Por Mário Costa
Às 05h30 da manhã, antes de tocar o despertador, dois ladrões invadiram a casa. Entraram sorrateiros se dirigindo para os fundos da residência, pelas caladas, sem forçar a porta, na fresta da janela rangendo um pouco a ventarola comprimindo o vento num assobio, quase invisíveis na penumbra da noite.
Na cozinha, as garrafas de vinho despidas das rolhas liberavam o sabor pelo ar, as bordas dos copos beijados com restos de líquido no fundo, pratos na pia, numa longa travessa descansava a carcaça do peixe, sobrou-lhe a cabeça e a guilhotina em nossos pescoços. O cenário é a paisagem da última ceia numa tumba sinfônica, entregues por poucas moedas.
No badalar das horas, passos ecoam no assoalho, acordo assustado do descanso noturno, o calafrio corre pela espinha. Envolvo os braços pela sua cintura, no detalhe a pinta preta saliente sobre a pele. Seguro-a forte, enquanto a angústia revira o estômago com um garfo raspando o resto da panela, vasculham as lembranças, as gavetas, os bolsos, as mensagens no celular, as fotos espalhadas pela sala, açoitam a nossa mente e cravam estacas a cada batida do peito.
Cresce a sensação de impotência e a esperança de êxito turva-se com o passar do tempo. Respiro o ar abafado, porém, doce que brota da nuca, dos fios pretos que recosturam o edredom que nos envolve, as mãos se cruzam na transpiração ofegante. O que eles querem de nós? Nada, nada querem, a não ser, o sádico desconforto deste momento.
Avançam as horas sem compaixão da nossa agonia, preso no quarto sem expectativas, somos reféns do acaso, do crime e do pecado, talvez, uma conversa, um diálogo amigável, talvez, seja possível, talvez. Um estado permanente de angústia paira sobre o ar, denso e pesado de se respirar, pensamentos confusos se misturam com os primeiros raios de sol que entram no quarto, o amargo na boca ao amanhecer, quem sabe o nosso último dia sobre esse emaranhado de duas cores que formam nossos corpos?

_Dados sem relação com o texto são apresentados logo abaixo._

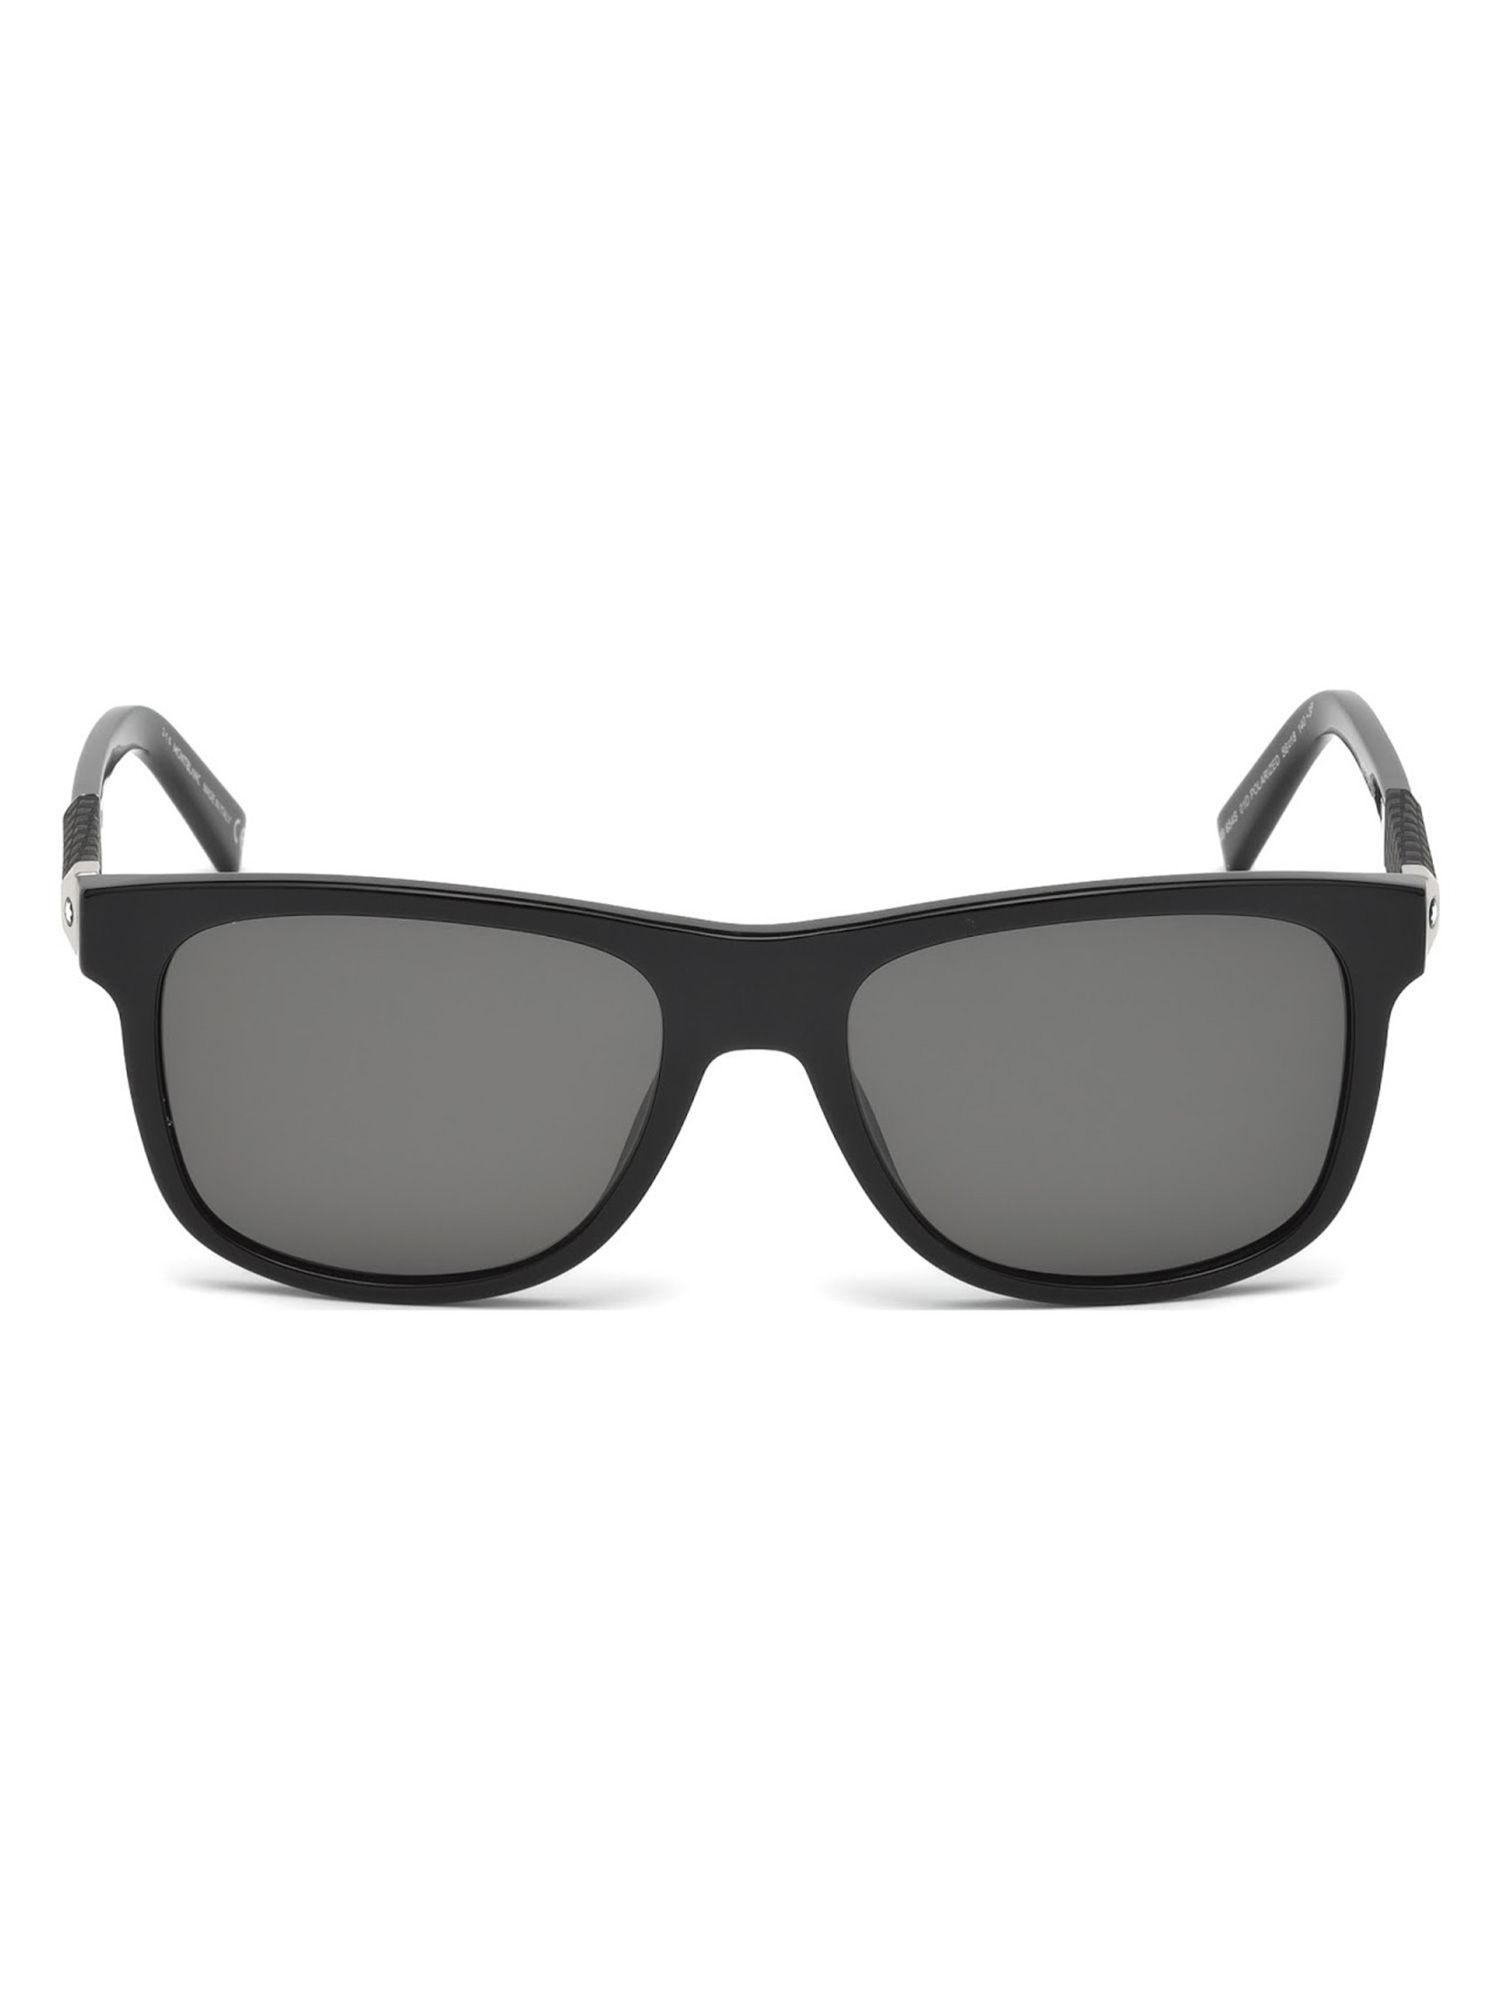 grey plastic sunglasses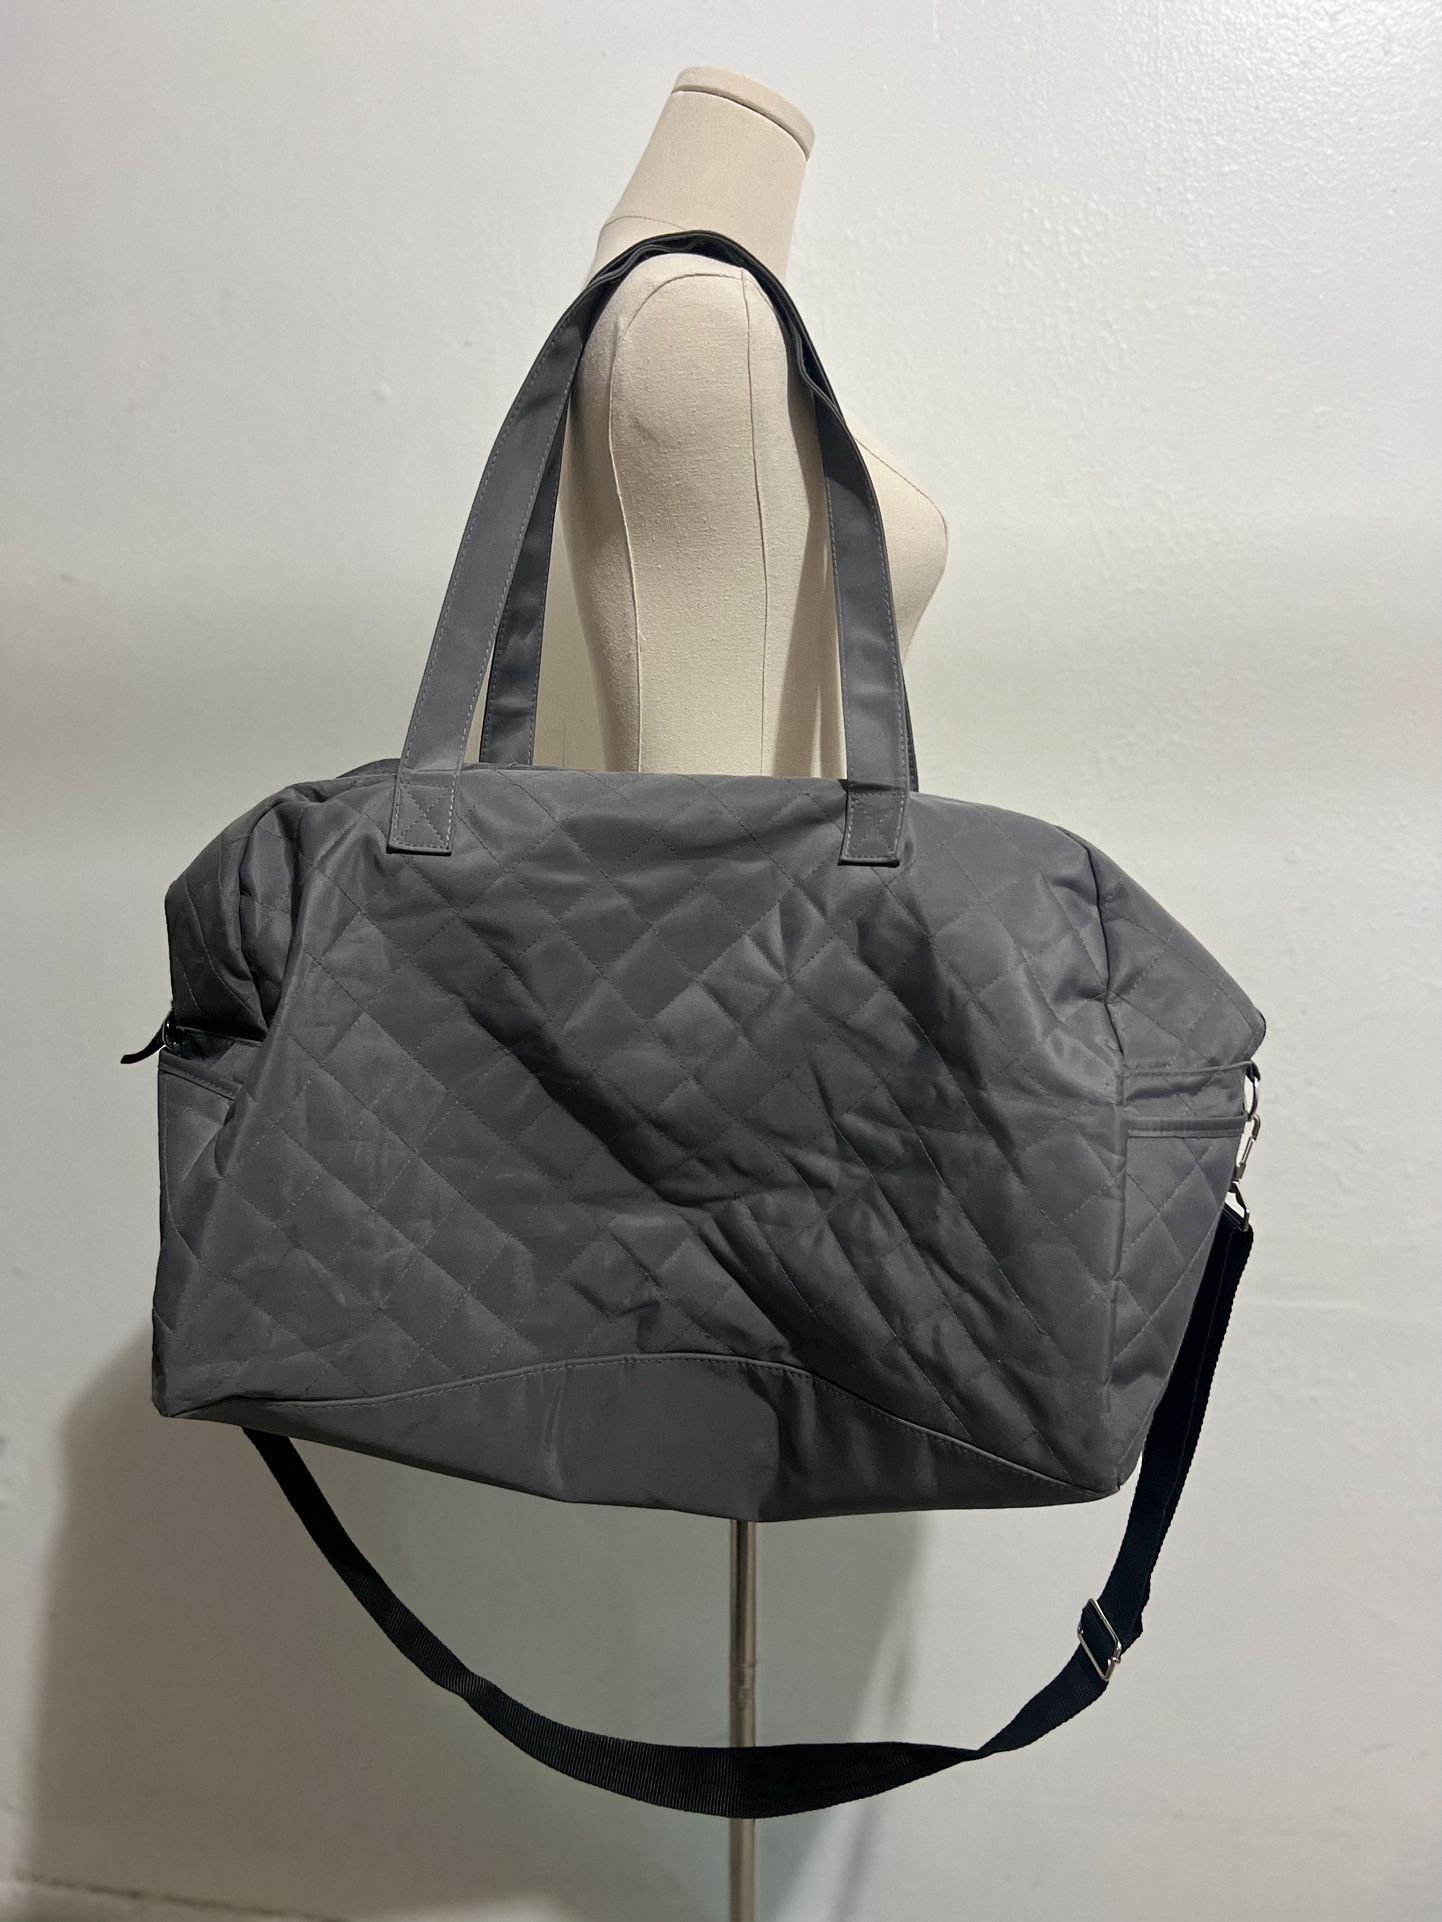 XLarge DSW Duffle Bag

Leve-me primeiro não tenho nada, nada além dela. A insuportável dor de viver a margem da solidão esvaindo sobre dedos o breve, talvez, o último antes de cada manhã, antes de dormir, sem o alento dos seus carinhos, recostado em teu colo, extasiado e em paz com o mundo que, neste segundo, nos nega, dilatando toda a matéria e o espaço possível, poucos segundos, a certeza do eterno se desfaz, finito. Por que tudo acaba? Porque, tudo acaba, somos finitos efêmeros como chamas sem lenha.
Os ladrões entram no quarto o primeiro aponta a sua cruel arma sobre mim, na minha cabeça, a sua lança caminha em círculos sobre números, correndo, caminhando devagar, se arrastando, transformando, é o tempo nos leva. O segundo me furta em momento que não espero, despido da armadura, levando dos bolsos o pouco e tudo, na entranha do cérebro ou recolhido nos confins da minha alma, derruba num só golpe, é a saudade que bate. Não é uma luta justa. Levanto da cama já é hora de trabalhar, dou um beijo nela e vou. Dois ladrões, o tempo e a saudade.